Double Vision is the fourth studio album by American singer Prince Royce; it was released on July 24, 2015, by RCA Records. It is Royce's first album to be recorded primarily in English.

Way ahead of the album's release, on November 24, 2014, Royce released "Stuck on a Feeling" (featuring Snoop Dogg) as the first single from the album. The single is Royce's best-charting single in the United States to date, having reached number forty-three on the Billboard Hot 100 singles chart.

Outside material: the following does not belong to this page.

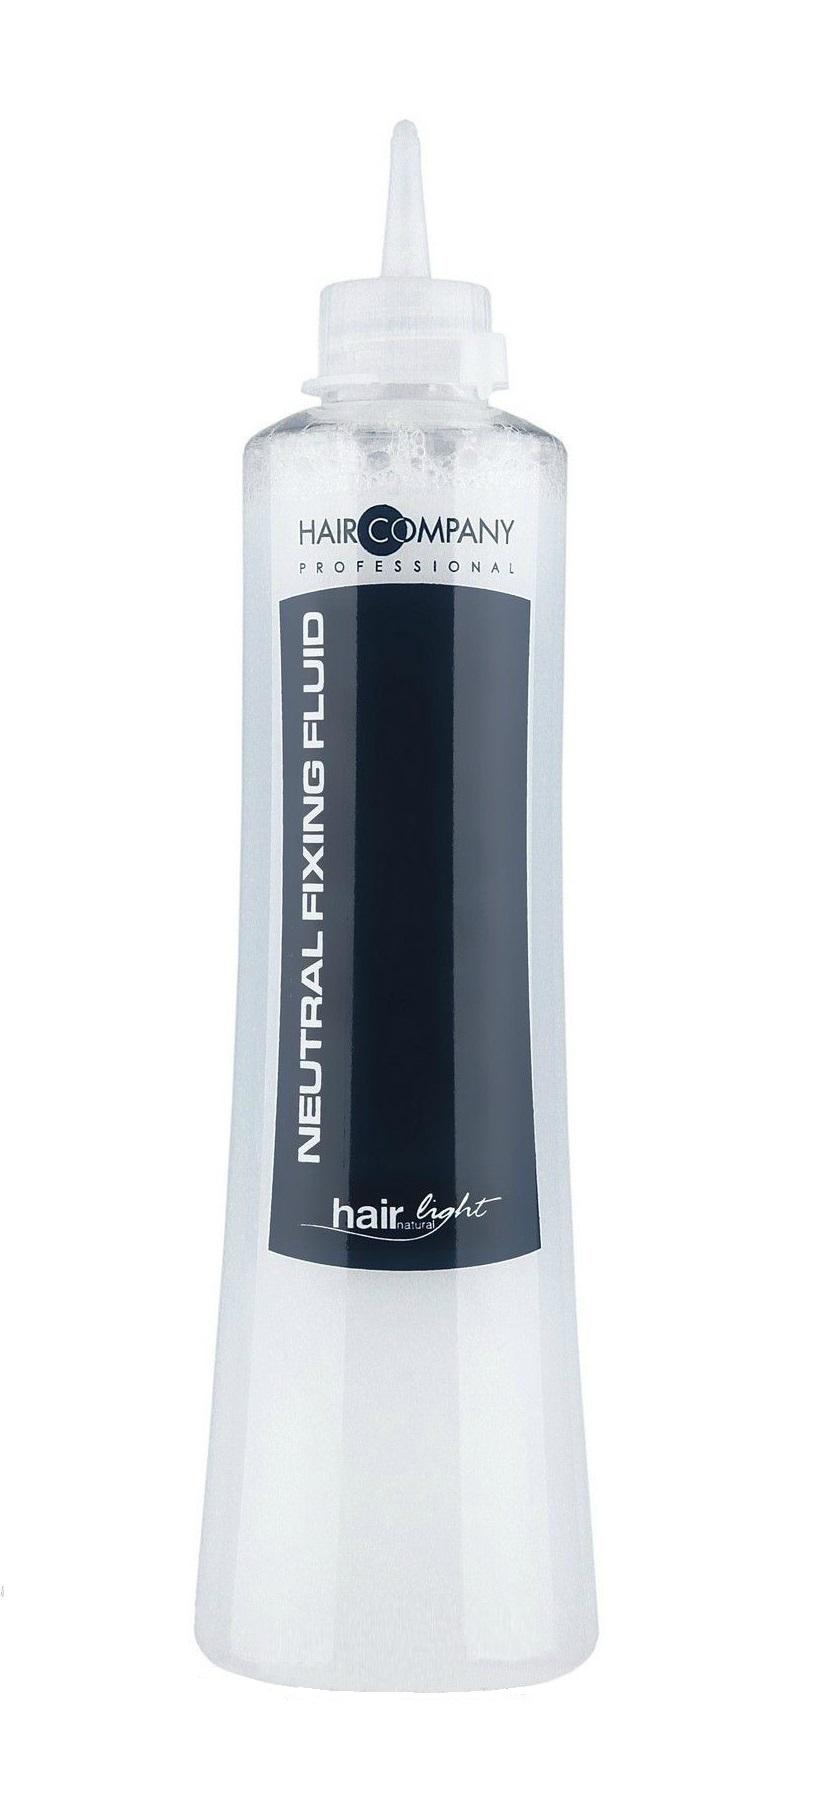 Купить HAIR COMPANY Фиксатор-нейтрализатор, жидкость для химической завивки волос / Hair Light Neutral Fixing Fluid 500 мл

The album was also preceded by its second single, "Back It Up" (featuring Jennifer Lopez and Pitbull), which was released in May 2015. The single reached number ten on the US Latin Pop Songs chart, number nineteen on the US Hot Latin Songs chart, and number ninety-two on the Billboard Hot 100. The Spanish-language version of the song was nominated for the Latin Grammy Award for Best Urban Song at the 2015 ceremony, making Royce an eight-time Latin Grammy-nominated performer.

Background
While speaking about recording an English only album, Royce said; "It's not impossible, but I think it's unfair sometimes when you see an album that has five songs in English, five songs in Spanish. I think that I prefer to do separate albums for each. Definitely my intention is never to leave Latin music; I have a core audience there. But this English album is something brand new, like getting a new toy for Christmas. I'm getting the same feeling I got when I released my very first album, so I'm kinda just looking forward to having fun and doing both from here on out."

Reception
Dennis Leopold from Rolling Stone gave the album 2.5 out of 5, saying "On his English-language debut, Latin superstar Prince Royce aims to prove himself the crossover heir to Ricky Martin and Enrique Iglesias... but Double Vision lacks focus, failing to establish a clear identity for Royce: He morphs from a version of Jason Derulo to Drake to Bruno Mars." adding "His voice is malleable enough, but he stands out most when he goes back to his roots. "There for You" floats along a tropical, guitar-laced groove, and "Lucky One" is all bachata sweetness, guaranteed to make the girls swoon."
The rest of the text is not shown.